Researchers in Switzerland have revealed that people who live in high-rise flats stand the chance of living a longer and healthier life that those living below.
The Swiss experts at the University of Bern are now of the belief that the higher the floor you live on, the greater your life expectancy.
The experts put the chances of dying from serious lung disease at 40 percent greater among residents who lived on the ground floor compared to those with a flat on the eighth floor or above.
For heart disease, the mortality rate is put at 35 percent greater among those at ground level, while for lung cancer, the risk of death increased by 22 percent.
However, the only type of death associated with living in higher floors is suicide which is on the increase but inhabitants of ground floor are about 60 percent less likely to kill themselves by jumping.

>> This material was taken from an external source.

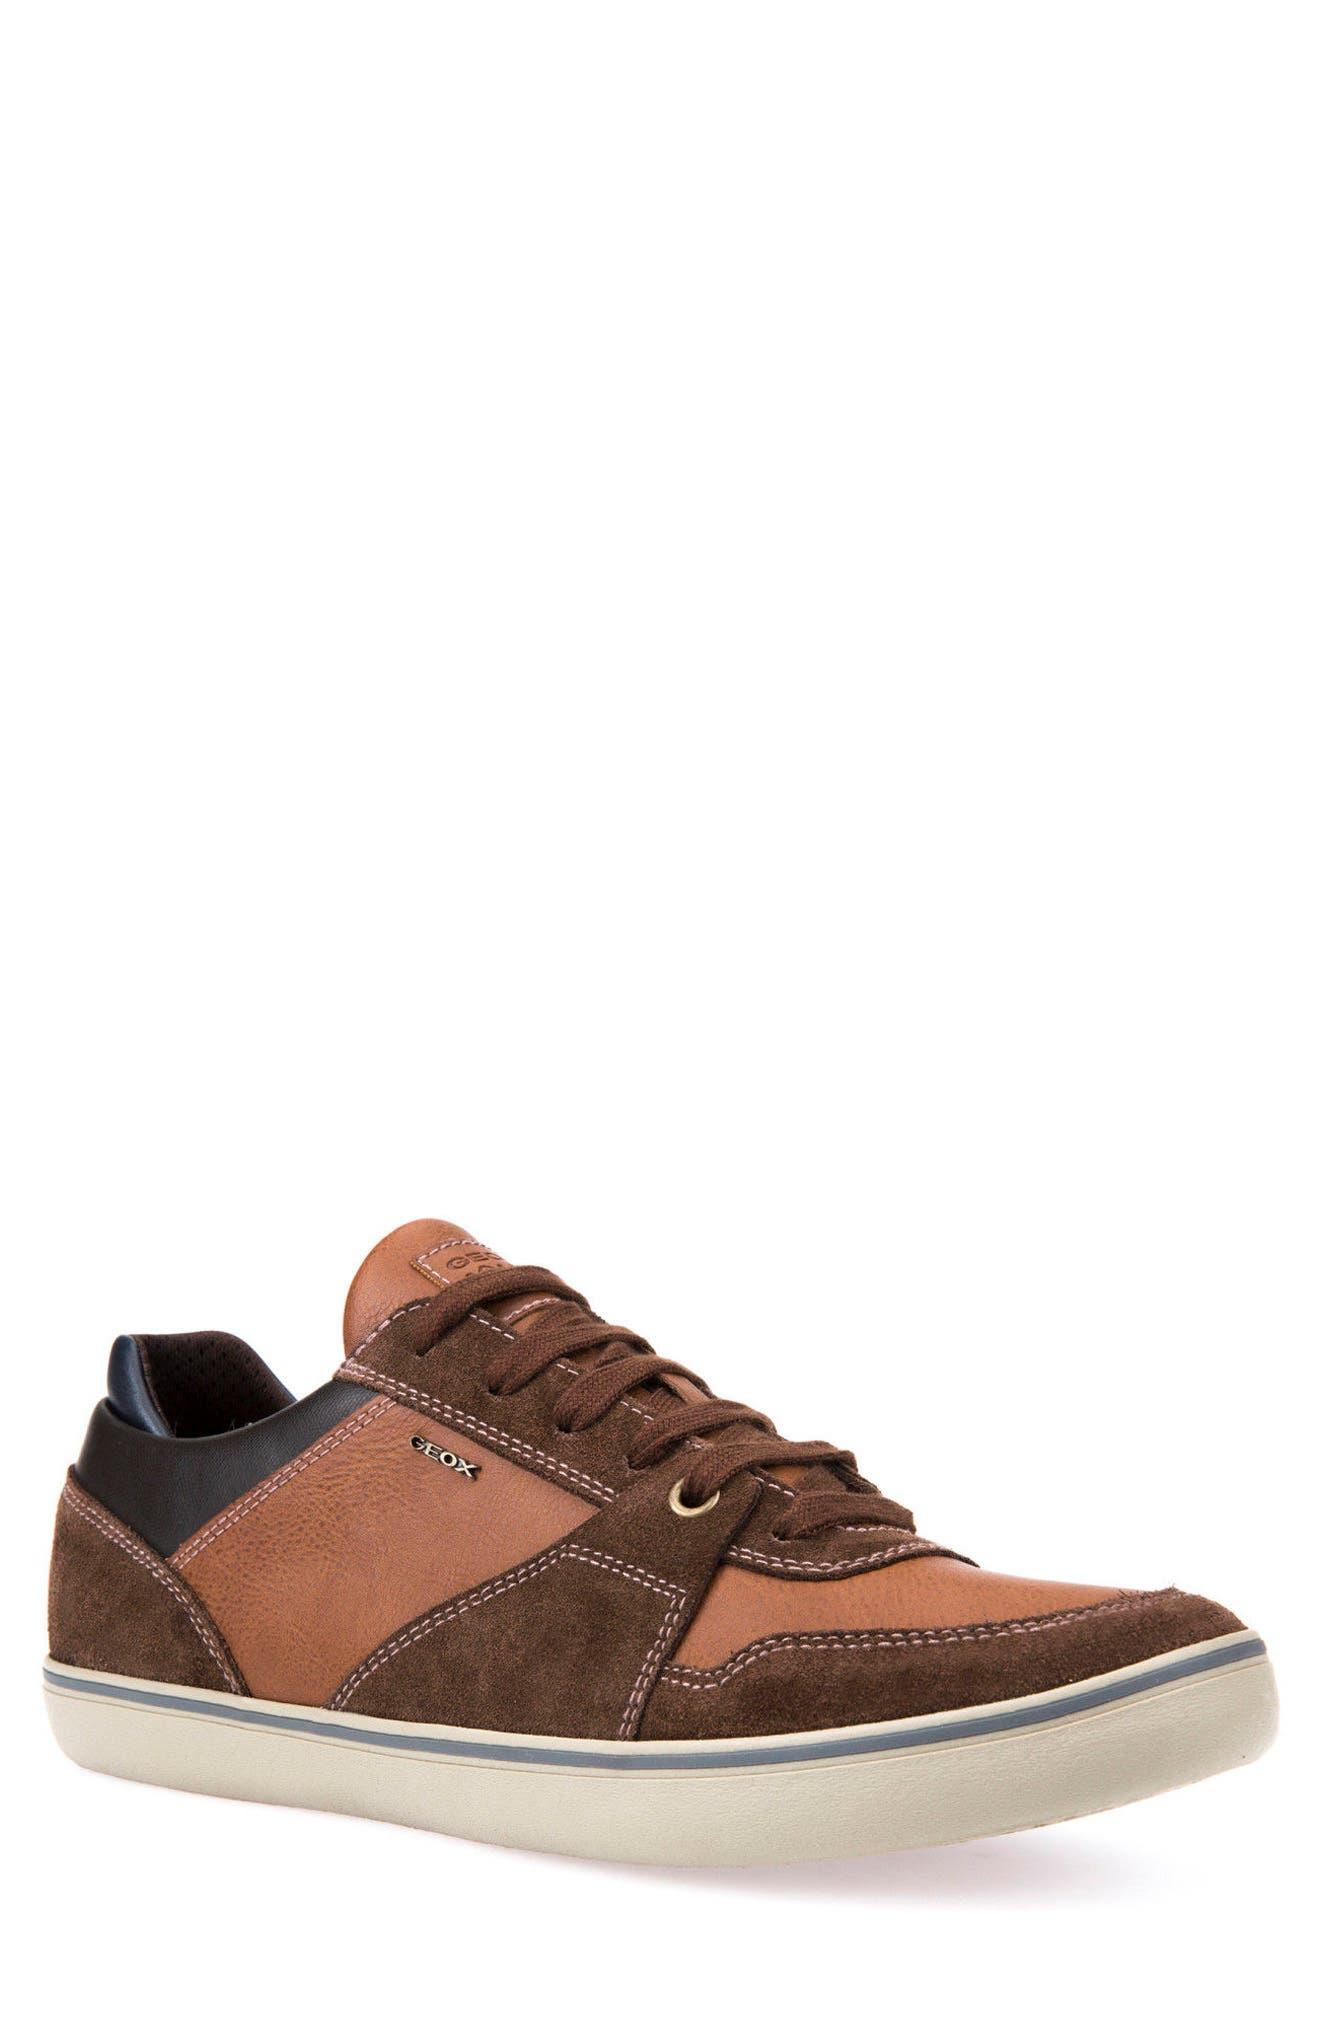 Box 27 Low-Top Sneaker,                             Main thumbnail 1, color,                             Ebony/ Brown Cotto

The research was made from a study of more than 1.5 million people living in buildings with four or more floors, and findings published by the European Journal of Epidemiology.
With housing being recognized as a major influence on health, researchers inquired to investigate the rate of death.
It’s also estimated that one in six European dwellings is located in a high-rise building. In the UK, many of these tower blocks sprung up in the sixties and seventies, often in deprived areas.
But modern versions tend to be aimed at the luxury end of the market where rents rise in accordance with the level flats are situated on.
“The reputation of high-rise housing as unpleasant and unhealthy habitats that isolate people from their social environment and increase crime continues to the present,” the researchers also said in a report.